Your doctor may also use a quick tone test during an annual physical or ask targeted questions about whether you’ve been turning up the TV, struggling in noisy restaurants, or asking people to repeat themselves. These informal checks serve the same screening purpose: identifying who needs a closer look.

What a “Refer” Result Means

A screening result is either “pass” or “refer” (sometimes labeled “fail”). A refer result is not a diagnosis. It means the screening picked up something that warrants further testing. For newborns, many babies who are referred on their first screening pass on a rescreen or turn out to have temporary issues like fluid in the middle ear.

If you or your child receives a refer result, the next step is a diagnostic audiologic evaluation with an audiologist. This takes place in a soundproof booth and involves a more detailed set of tests that can identify the specific type and severity of any hearing loss. For newborns, the goal is to complete this evaluation by three months of age so that intervention can begin by six months if needed.

Insurance Coverage for Screening

Newborn hearing screening is covered under most insurance plans as part of routine newborn care. School-based screenings are typically provided at no cost through the school system.

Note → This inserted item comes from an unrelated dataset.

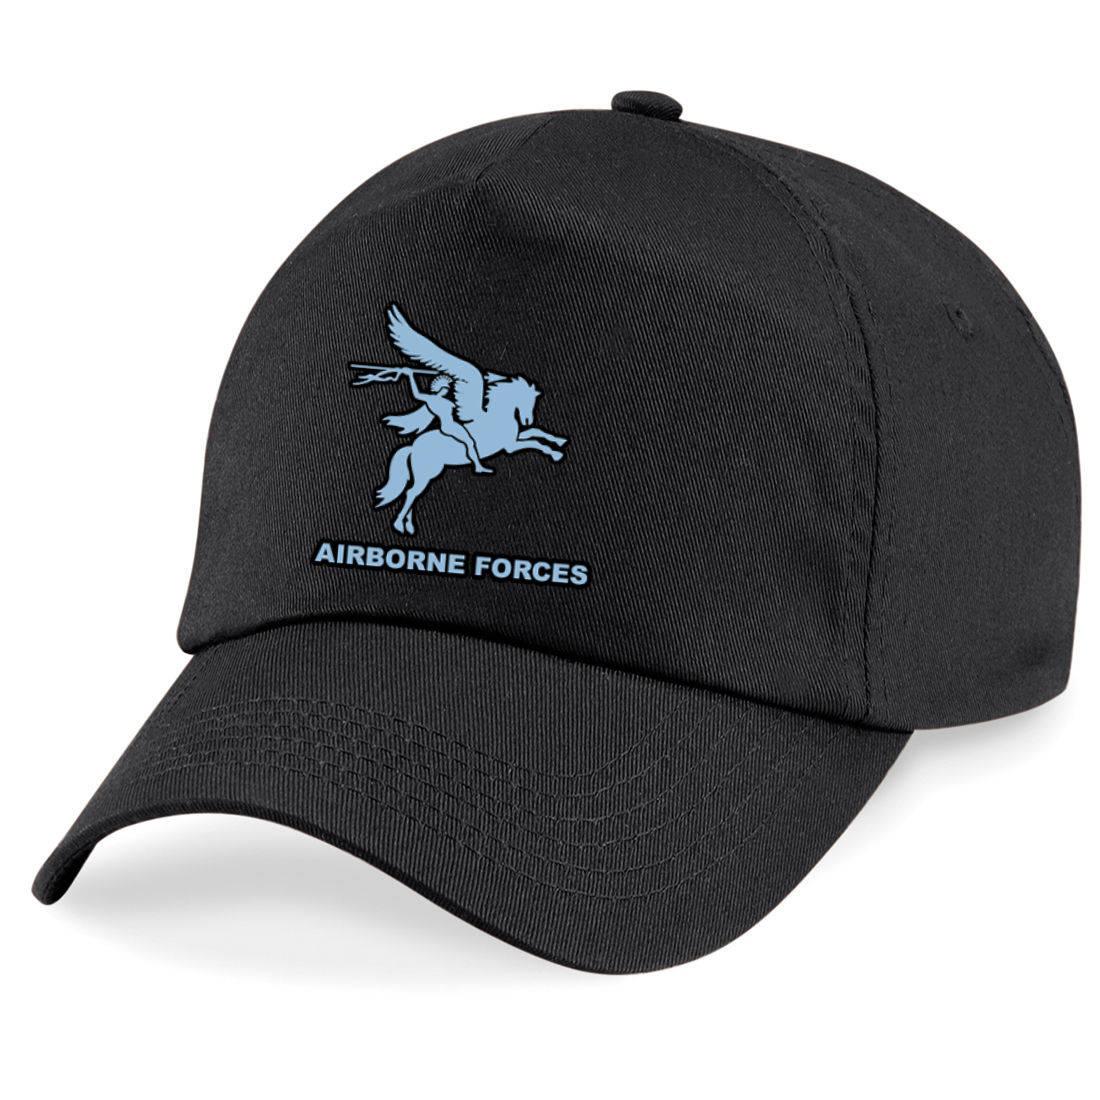 Baseball Cap - The Airborne Shop 3ad6323f17d5

For adults, coverage depends on the situation. Medicare Part B covers diagnostic hearing and balance exams when ordered by a healthcare provider, and allows one visit to an audiologist every 12 months without a referral for non-acute hearing conditions. However, Original Medicare does not cover routine hearing screenings that aren’t tied to a medical concern, and it does not cover hearing aids or hearing aid fitting exams.

Private insurance policies vary. Many cover a hearing screening as part of a preventive visit, but it’s worth checking your specific plan before scheduling a standalone appointment.